Énoncé volontairement vague : « une équipe support passe trop de temps à chercher des informations dans la documentation interne, concevez un assistant ». Voici comment dérouler.

  1. 1

    Cadrer

    5 min

    Support de niveau 1, pendant l'appel client, réponse attendue en quelques secondes, source obligatoire pour que l'agent puisse vérifier. Corpus : documentation produit et procédures, mis à jour chaque semaine, avec des sections réservées à certaines équipes.

  2. 2

    Poser la version simple

    5 min

    Recherche sur le corpus filtré par droits, génération d'une réponse courte avec citation, refus explicite si aucun passage pertinent. Pas d'agent, pas d'outil : la tâche est une question-réponse ancrée.

  3. 3

    Détailler la chaîne de recherche

    10 min

    Découpage par section avec titre conservé, métadonnées de périmètre et de version, recherche hybride pour absorber le vocabulaire produit, réordonnancement pour ne transmettre que quelques passages.

  4. 4

    Définir l'évaluation

    8 min

    Cent questions réelles issues des tickets, dont dix hors périmètre. Mesure du rappel des passages, de l'exactitude et du taux de réponses sans source. Revue humaine mensuelle sur un échantillon.

  5. 5

    Traiter les contraintes

    7 min

    Latence dominée par la génération : réponse en flux, cache sur les questions fréquentes. Sécurité : filtrage par droits à l'index. Observabilité : trace complète par requête, alerte sur le taux de refus.

  6. 6

    Assumer les limites

    5 min

    Pas de réponse sur les cas contractuels particuliers, renvoi vers le niveau 2. Extension possible vers la consultation du dossier client, mais elle suppose des outils et une revue de sécurité distincte.

Réponse faible

« Je mettrais un RAG avec une base vectorielle et un agent qui appelle des outils si besoin, avec un bon modèle et un cache pour la performance. »

Réponse crédible

« La contrainte forte est l'usage pendant l'appel : quelques secondes et une source vérifiable. Je pars donc d'une recherche filtrée par droits et d'une génération ancrée, sans orchestration. J'ajouterais des outils seulement pour la consultation du dossier client, ce qui ferait passer la latence au-dessus de la cible : ce serait un second parcours, asynchrone. »

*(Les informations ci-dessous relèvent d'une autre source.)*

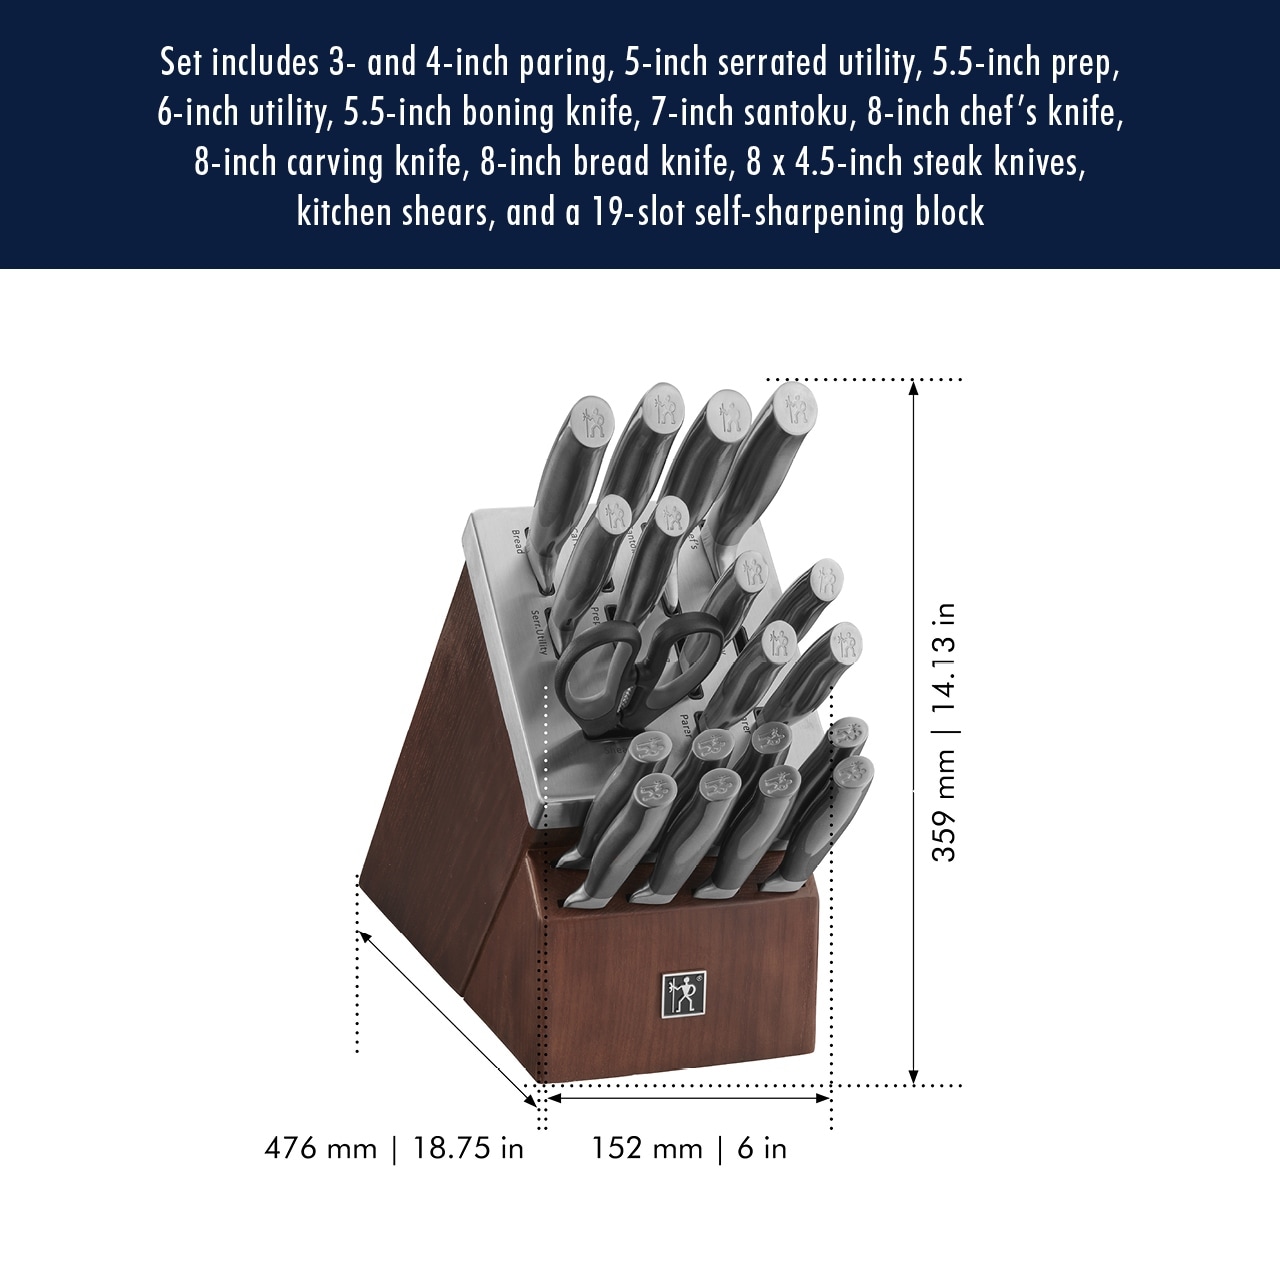 https://ak1.ostkcdn.com/images/products/is/images/direct/74a675948e15396253f0291820d2346b8f6ebe5d/HENCKELS-Graphite-Self-Sharpening-Block-Set.jpg

La seconde réponse ne contient pas plus de composants. Elle contient les raisons.

Assumer les arbitrages et les limites

Terminez en énonçant ce que le système ne fait pas, ce que vous avez sacrifié et pourquoi, et ce que vous mesureriez en premier après la mise en production. Cette dernière minute est souvent celle qui décide de l'évaluation : elle montre que vous concevez pour un contexte réel, pas pour un schéma.

La même exigence de justification s'applique lorsque vous racontez un projet déjà réalisé : le raisonnement compte davantage que la stack. C'est un exercice différent, mais évalué avec le même regard.

Avant l'exercice de conception

Sept réflexes à avoir en tête. Un réflexe absent est celui à travailler en priorité.

  • Je pose au moins trois questions de cadrage avant de dessiner quoi que ce soit.
  • Je sais nommer l'utilisateur réel du système et la décision qu'il doit prendre.
  • Je pars de la solution la plus simple et je justifie chaque couche ajoutée.
  • Je parle des données et de leurs droits d'accès avant de parler du modèle.
  • Je décris comment j'évalue le système avant de décrire comment je l'améliore.
  • Je traite latence, coût et sécurité comme des contraintes d'architecture, pas comme des détails d'exploitation.
  • Je termine en énonçant les limites que j'assume et ce que je mesurerais en premier en production.

À retenir

  • L'exercice évalue la qualité du cadrage autant que la qualité de la solution.
  • Une architecture n'a de valeur en entretien que si l'alternative écartée est nommée.
  • Le retrieval et les permissions se conçoivent ensemble : un index qui ignore les droits est un incident, pas une optimisation.
  • Sans protocole d'évaluation, un système IA n'est pas conçu, il est espéré.
  • Latence et coût déterminent l'architecture ; ils ne se corrigent pas après coup.
  • Assumer une limite est plus solide que promettre une couverture totale.